* PROBLEM *
Leaving pictures aside, restate exactly the lines of the data below, from the first one through the line that contains "DISEASES OF THE".

* DATASET CONTENT *
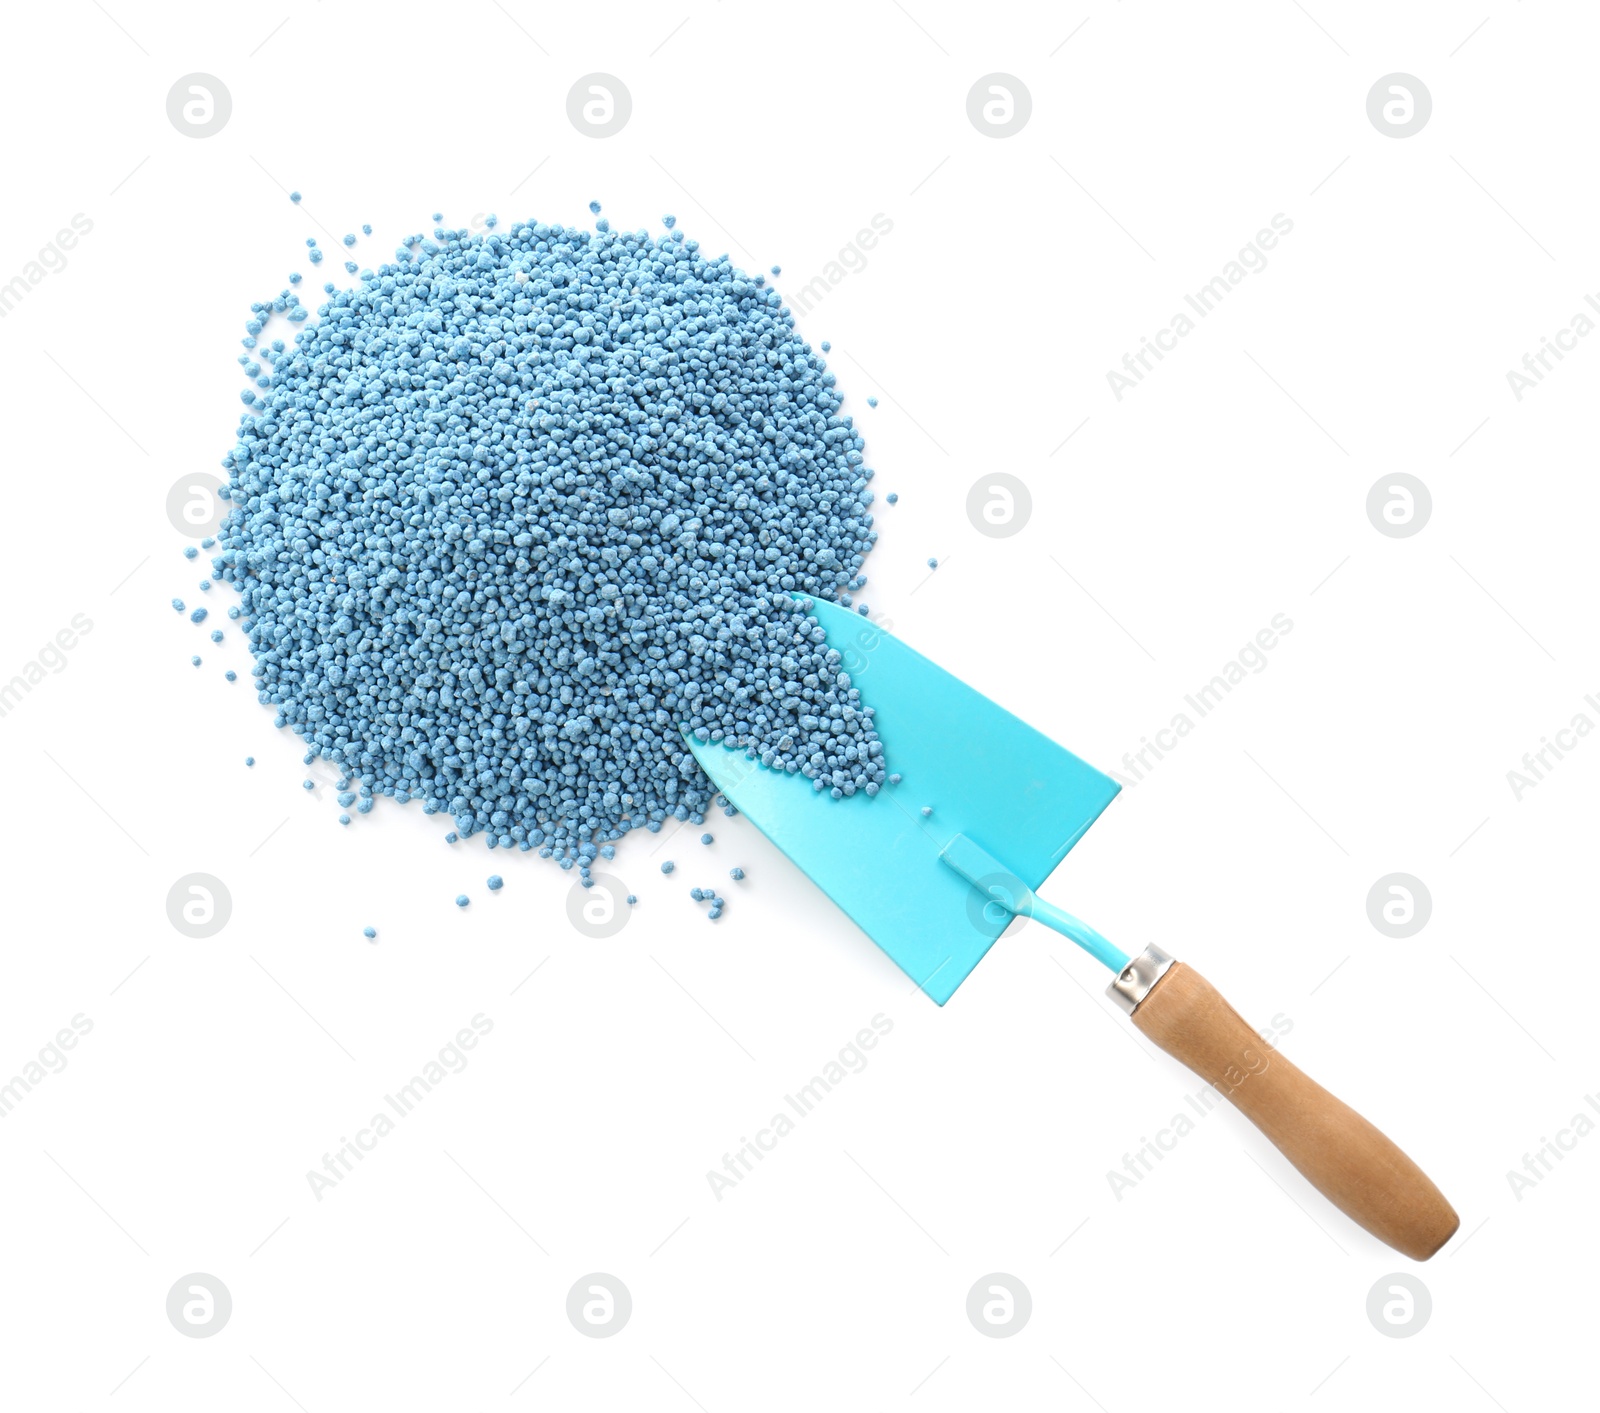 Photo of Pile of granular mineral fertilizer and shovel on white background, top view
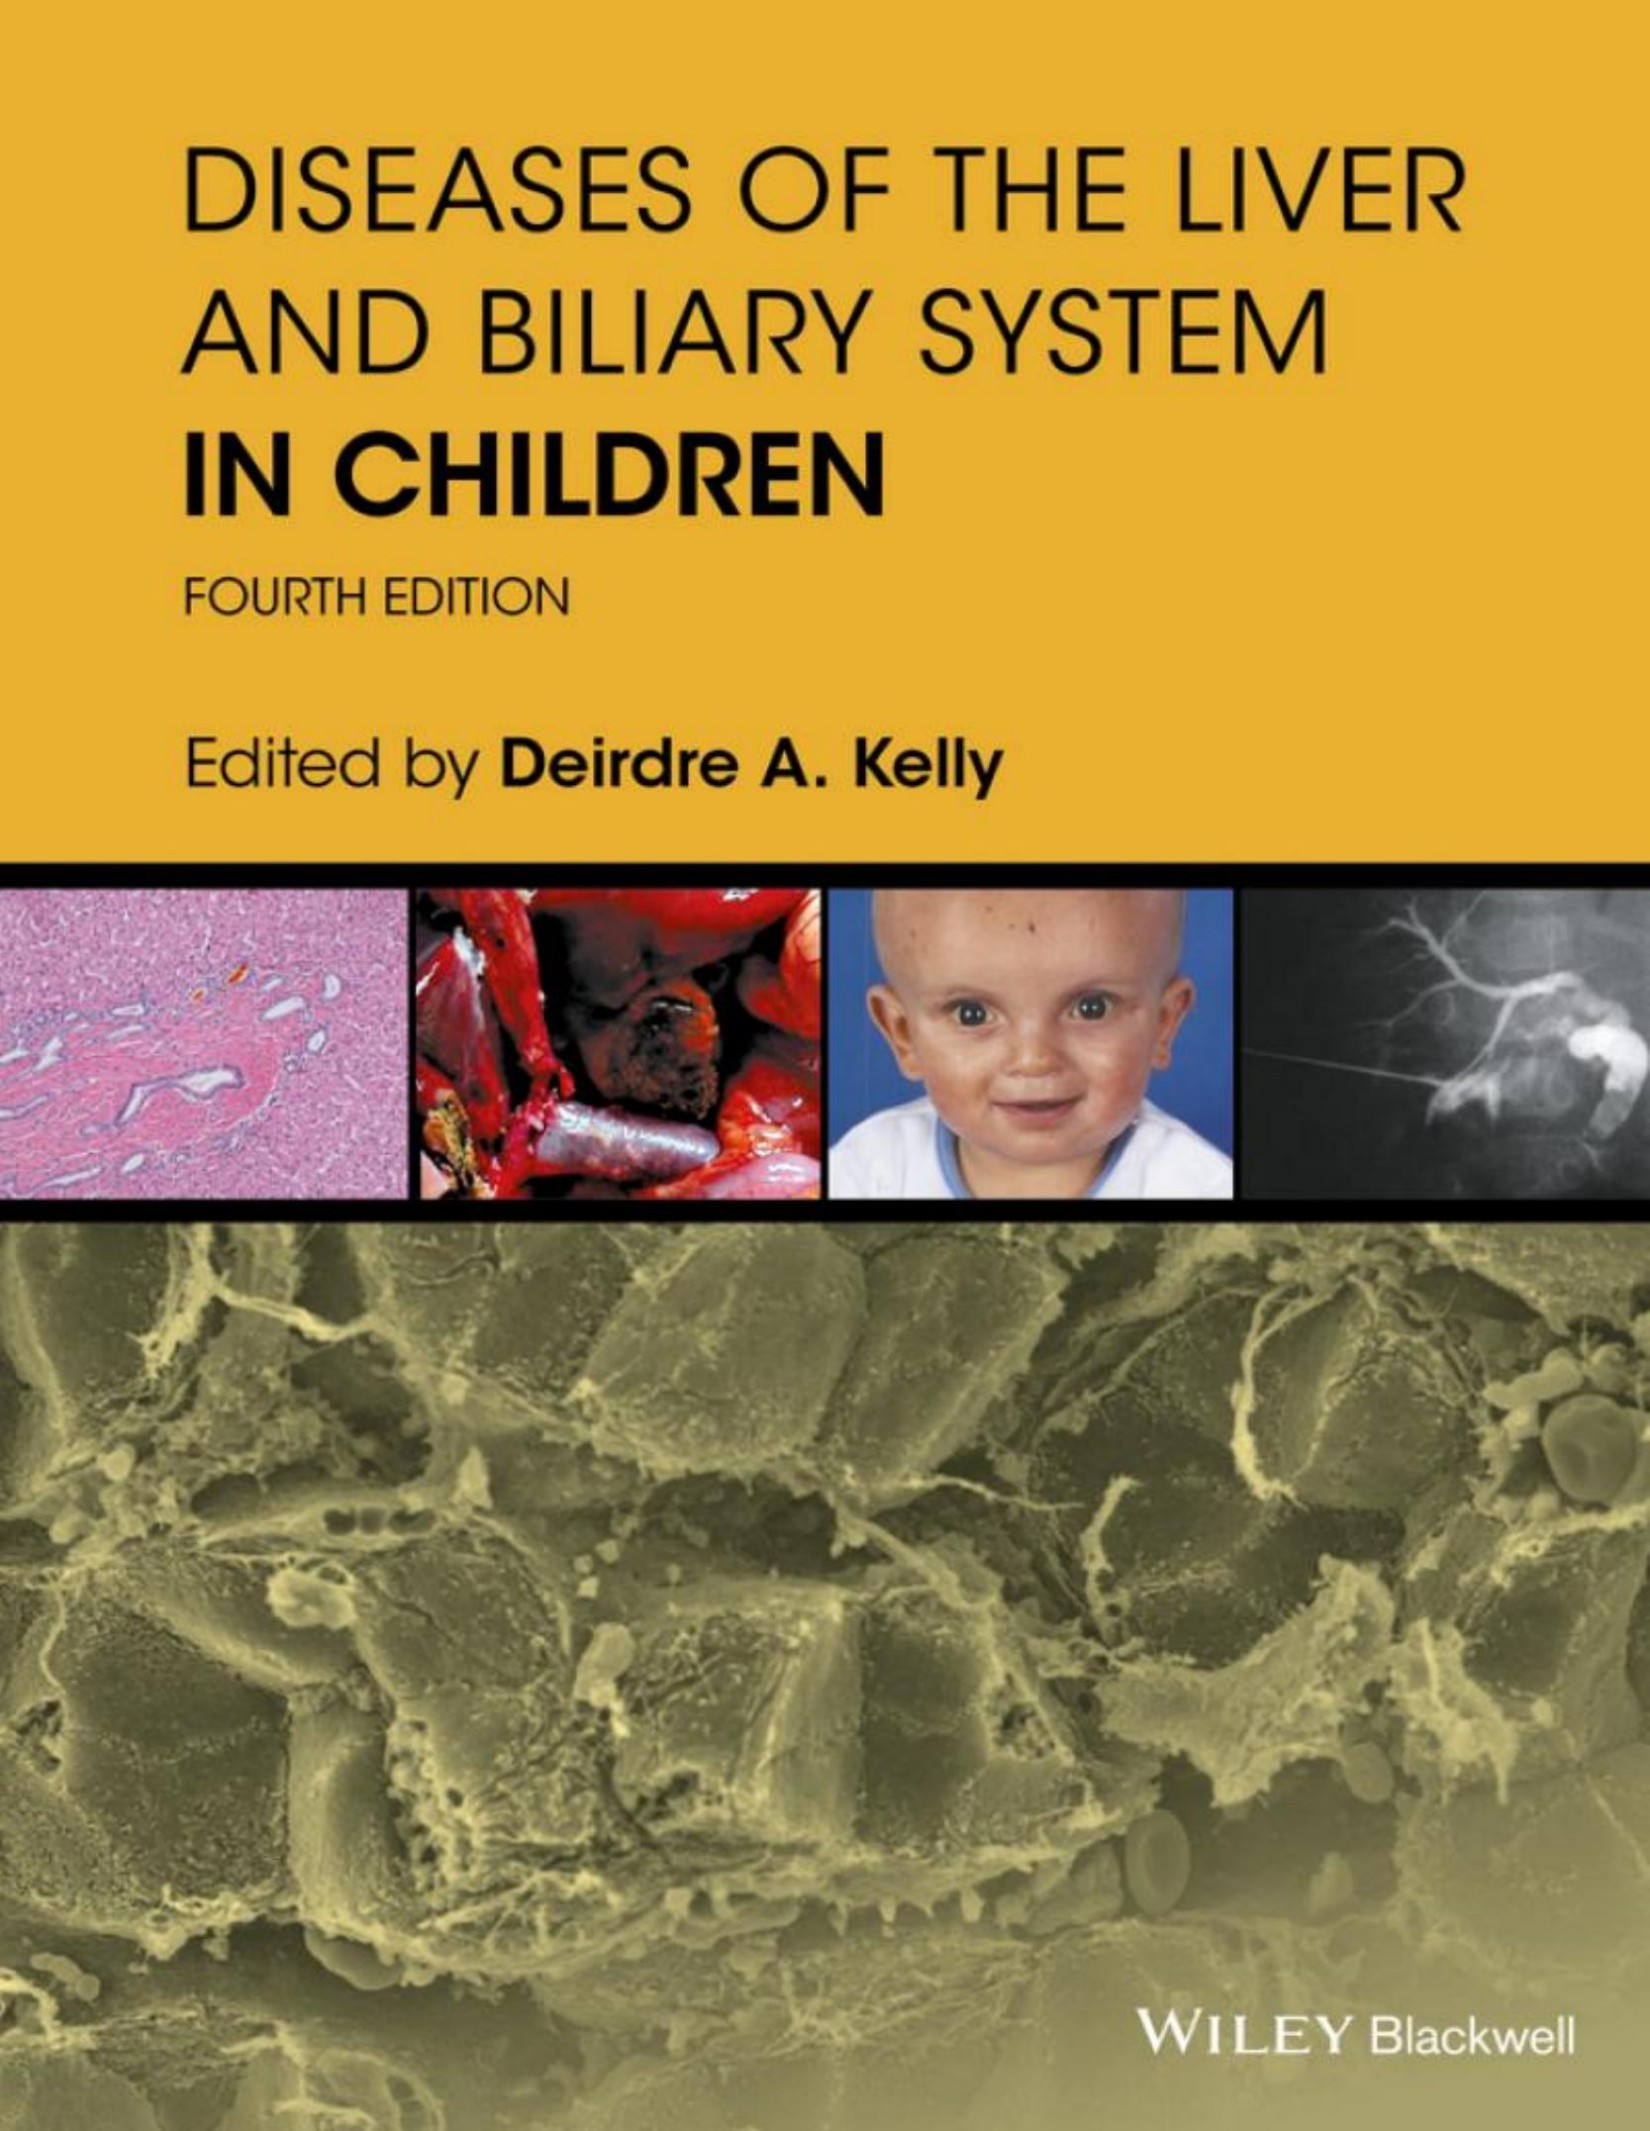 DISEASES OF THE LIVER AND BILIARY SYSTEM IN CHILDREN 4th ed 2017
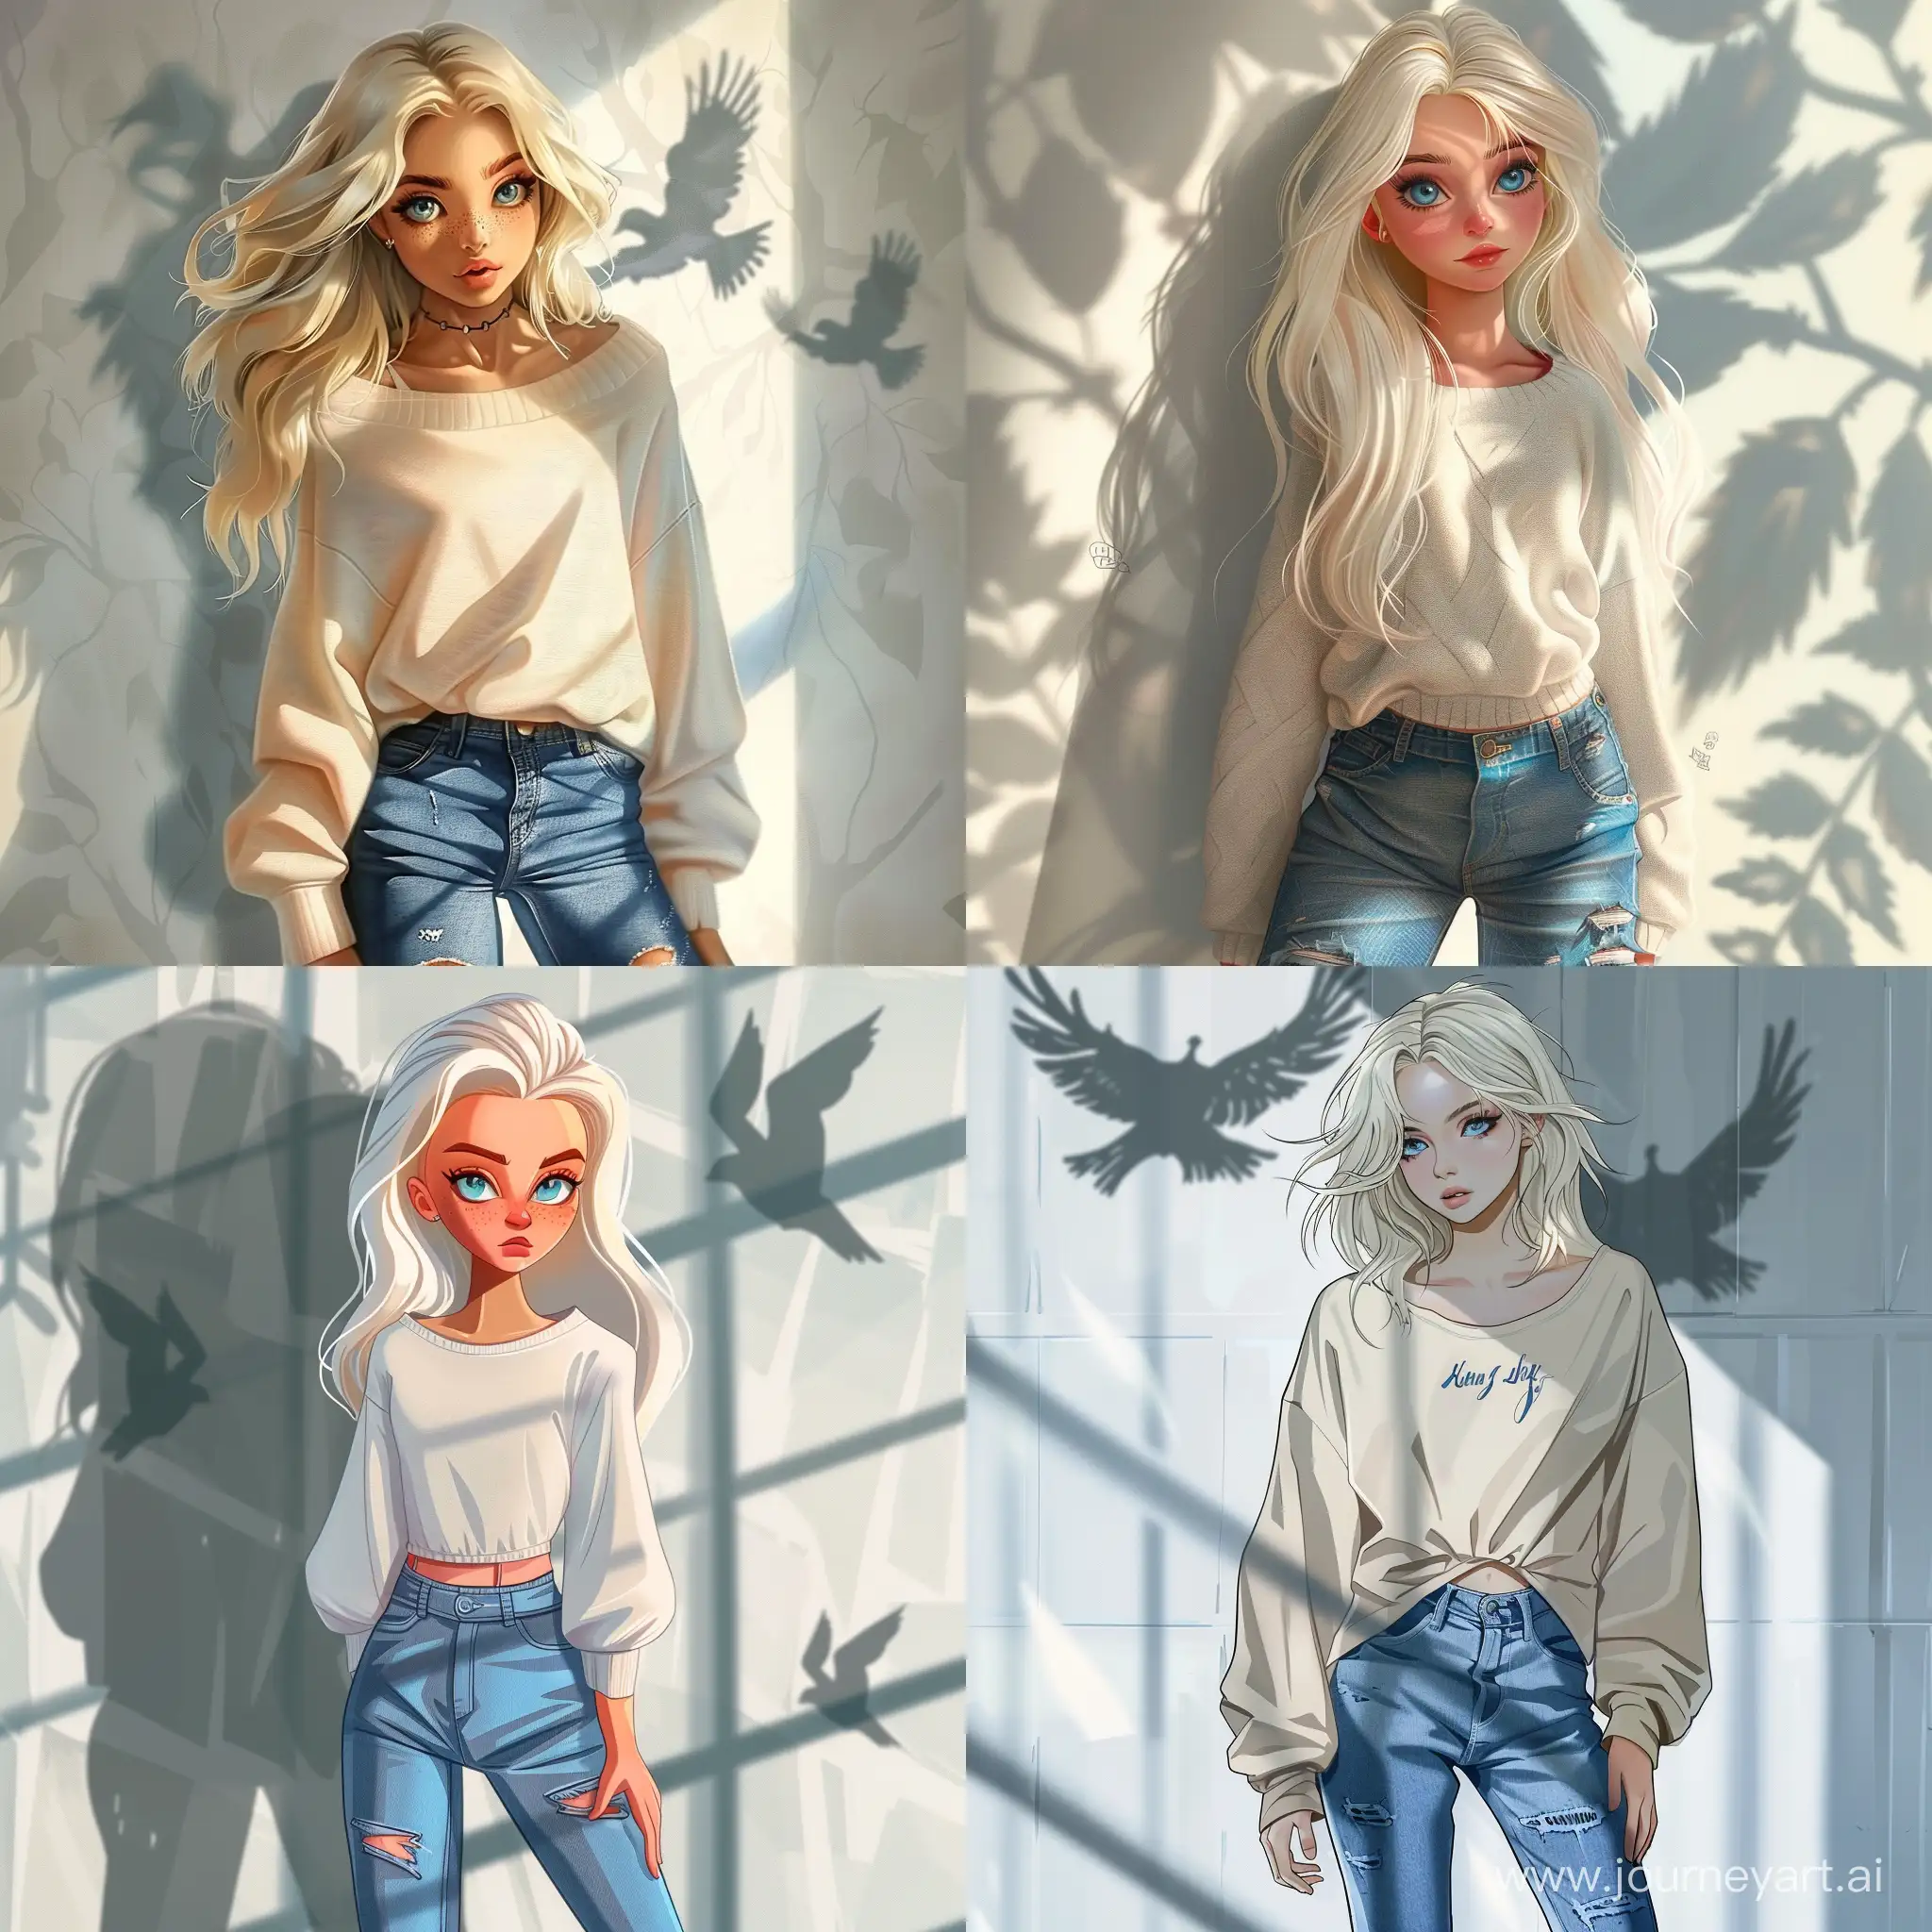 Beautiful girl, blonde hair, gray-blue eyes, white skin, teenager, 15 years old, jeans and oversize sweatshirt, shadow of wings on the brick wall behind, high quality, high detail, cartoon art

* RESULT OF THIS EXERCISE *
 Photo of Pile of granular mineral fertilizer and shovel on white background, top view
 DISEASES OF THE LIVER AND BILIARY SYSTEM IN CHILDREN 4th ed 2017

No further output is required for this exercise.